» **Exercise**: Would you please return the lines of the entries below starting at the line that has "Fundraising Campaign for" and ending at the line that has "Land for Sale", both included, exactly as they are?

» **Task data**:
== Segment start ==

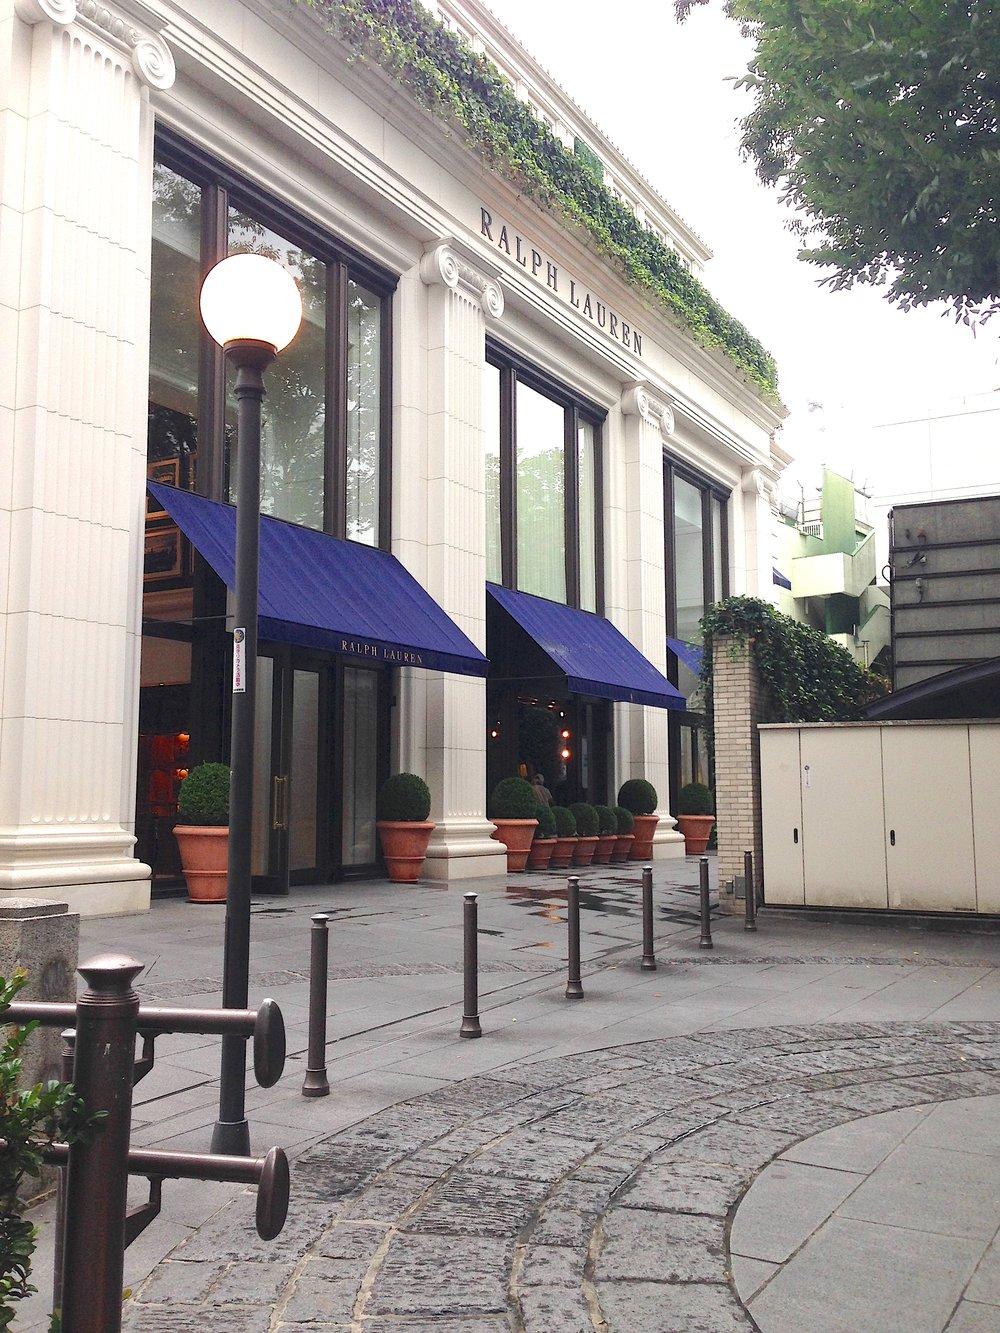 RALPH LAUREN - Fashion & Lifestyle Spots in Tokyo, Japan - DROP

== Segment end ==
== Segment start ==

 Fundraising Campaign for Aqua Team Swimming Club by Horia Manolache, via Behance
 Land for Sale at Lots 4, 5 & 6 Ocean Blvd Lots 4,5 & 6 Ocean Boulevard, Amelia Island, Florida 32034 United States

== Segment end ==

» **Exercise solution**:
 Fundraising Campaign for Aqua Team Swimming Club by Horia Manolache, via Behance
 Land for Sale at Lots 4, 5 & 6 Ocean Blvd Lots 4,5 & 6 Ocean Boulevard, Amelia Island, Florida 32034 United States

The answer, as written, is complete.